第53話 開店

 それから二頭の馬を受け取り、俺たちは宿泊所へと戻ってきた。


 どこへ向かうかはまだ決まっていないが、この町を出る前にやっておきたいことがある。


 それはお世話になった人たちに出発を報告すると共に、陽だまりキッチンで俺の料理を食べてもらうことだ。


 というわけで俺は神殿にお願いして出店許可を取り、目抜き通りに面した大きな広場にやってきた。


 今日から一週間、この広場で陽だまりキッチンが開店するのだ。


 すでに騎士団には開店を報告してあるし、陽菜も宮殿で知り合った女性たちに伝えてくれている。


 ここまでやれば、さすがに初日から閑古鳥が鳴くなんてことはないはずだ。


 今日の分の仕込みを終え、満を持してオープンを迎える。


 まだ午前中ということもあり、広場も人はまばらだ。サン=アニエシアの女性たちは遅い朝食を食べ、そのあとは夕食という生活スタイルなので、その人たちが来るのは夕方が近くなってからだろう。


 だから最初のお客さんは騎士団の昼食だと思う。


 と、思っていたのだが、しばらくするとぞろぞろと付き人を連れ、派手なドレスを着た女性が長いウェーブロングの髪を颯爽さっそうとたなびかせながらやってきた。

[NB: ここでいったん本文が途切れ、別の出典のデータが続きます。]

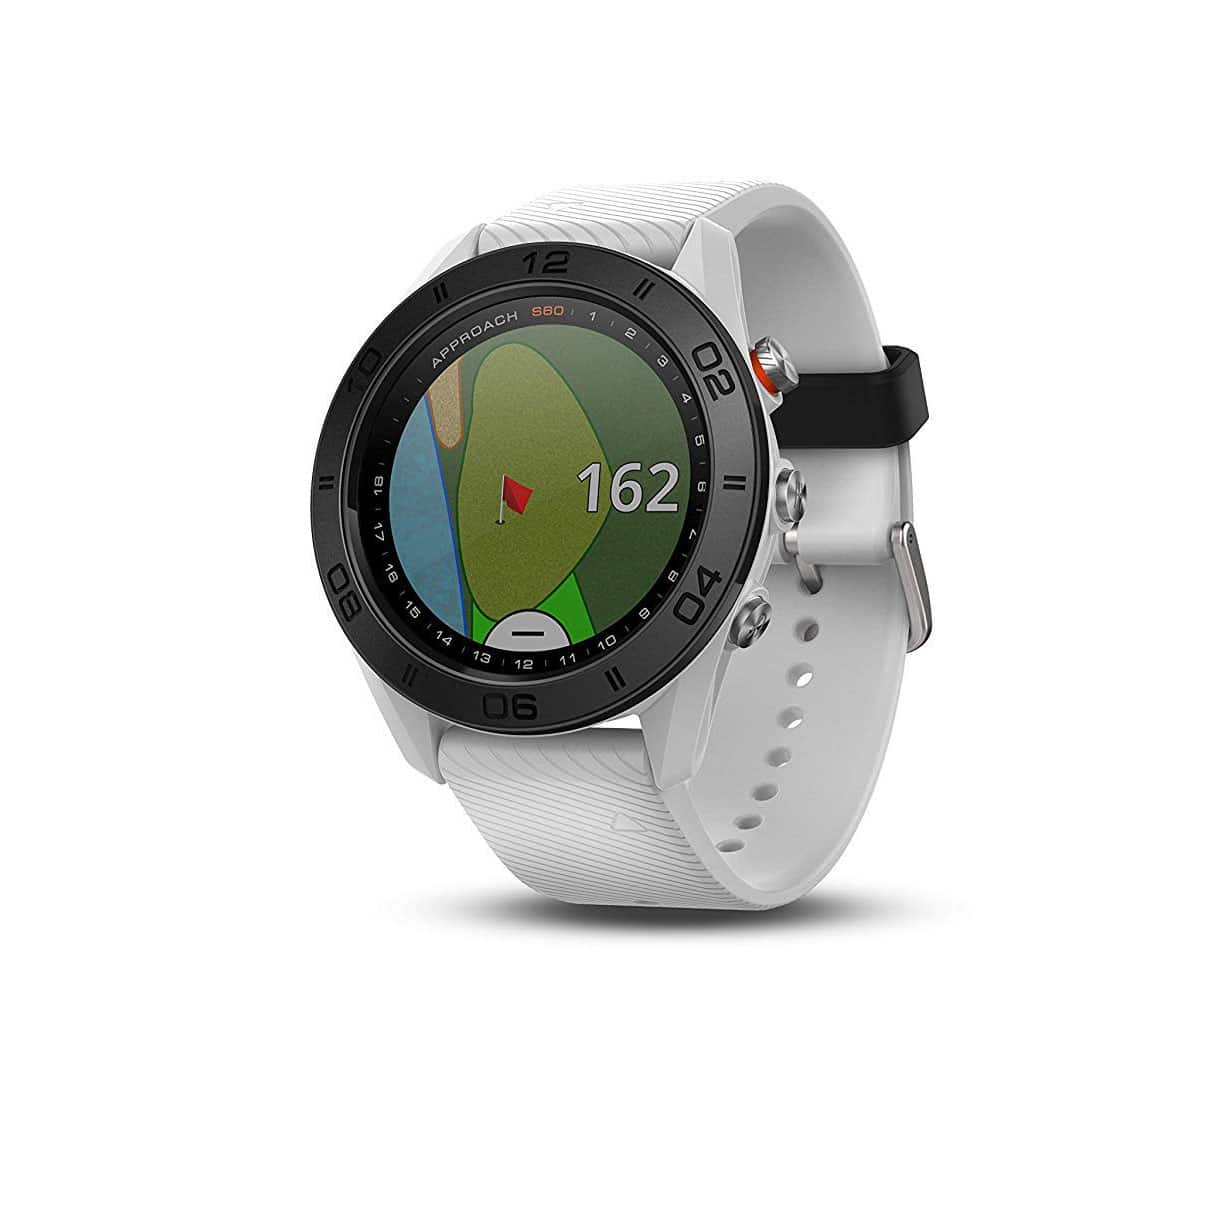 Top 10 Best GPS Navigation Watches in 2021 Reviews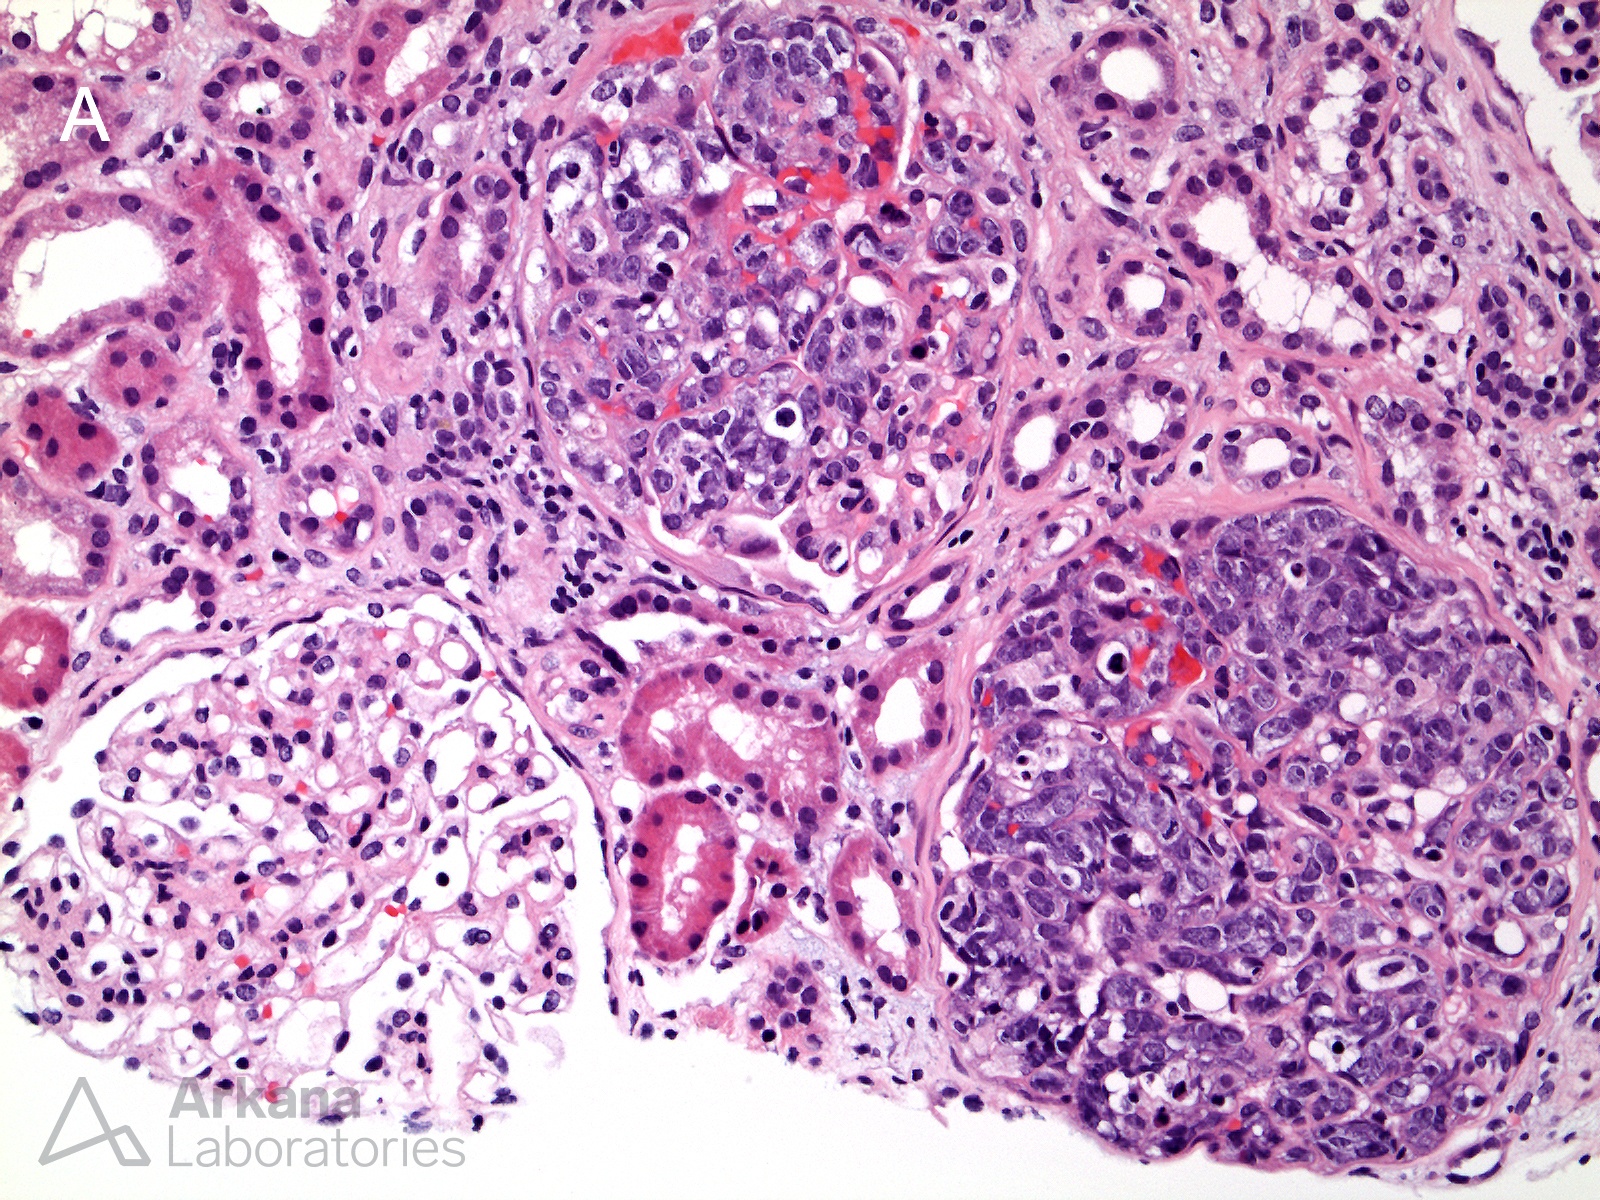 Intravascular Large B Cell Lymphoma, stained positive for CD20

 夏ということもあってか、かなり短いスカートを履いており、大胆に生足を露出している。


 おや? あの人はどこかで見覚えが……?


「あ! オリアンヌさんだ!」


 陽菜は短くそう言うと、馬車から飛び出した。


「オリアンヌさん! 来てくれたんですね! ありがとうございます!」


 陽菜は女性に駆け寄ると、嬉しそうに挨拶をした。


「ええ。ヒーナちゃんと彼氏くんのお店、見に来たわ。メニューは何があるのかしら?」

「はい。今日のメニューは持ち帰り用のサンドイッチと、あとはそこのテーブルで食べられる定食もありますよ」

「そう。定食のメニューは何かしら?」

「はい。牛サーロインステーキ定食、とんかつ定食、鮭のムニエルの定食、チキンタルタル定食の四種類を用意しています。定食には野菜サラダがついていて、ライスとお味噌汁のセットか白パンと玉子スープのセットをお選びいただけます」

「ふうん? 聞いたことのないメニューもあるわね。ヒーナちゃんはどれがおすすめかしら?」

「お肉好きならまずは牛サーロインステーキ定食がおすすめです。セットはライスとお味噌汁のほうがあたしは好きです」

「そう。じゃあそうするわ。お前、わたくしはそのステーキ定食にするわ。お前たちも、わたくしと食卓を共にすることを許しますわ。ああ、それと、フルーツサンドを五セット」

「かしこまりました」


 付き人の一人が俺のところにやってきて注文してくる。


「牛サーロインステーキ定食を七つとフルーツサンドを五セット頼む」

「かしこまりました。定食はライスか白パンをお選びいただけますが、いかがいたしましょう?」

「すべてライスだ」

「かしこまりました。牛サーロインステーキ定食は一食あたり大銀貨五枚、フルーツサンドは大銀貨一枚となります」

「ああ」

「ありがとうございます。少々お待ちください」


 俺はお代を受け取るとすぐに亜空間キッチンに行き、そして調理をして戻ってきた。


「こちら、牛サーロインステーキ定食となります」


 俺はステーキ定食を一セットずつ付き人に手渡していく。


 ちなみにお盆はなく、木製の大皿にステーキとサラダ、そしてライスを盛り付けてあり、味噌汁は木製のマグカップに入れてある。


「へぇ、これが噂のサーロインステーキですのね」


 オリアンヌさんは付き人が運んだ食事を見て、興味深そうに観察している。


 え? 噂って?


「神よ。今日の糧をお恵み下さったことに感謝します」


 オリアンヌさんはすぐにステーキをナイフで切り、口に運んだ。


「っ!?!?!!?」


 オリアンヌさんは目を見開いて驚いている。


「なっ!? なんですの!? このお肉は! どうしてこんなに柔らかくて、どうしてこんなに甘くて……! 騎士たちの言っていたとおりですわ! これでたった大銀貨五枚だなんて!」


 ああ、そうか。サーロインステーキは魔窟で最初に出して、隊長に怒られたなぁ。


「なんて美味しいんでしょう! わたくしたちが今まで食べていた肉はなんだったんですの!?」


 さすがに大げさな気もするけれど、でも和牛は世界でもトップクラスの評価を得ているのだし、そんなものなのかもしれない。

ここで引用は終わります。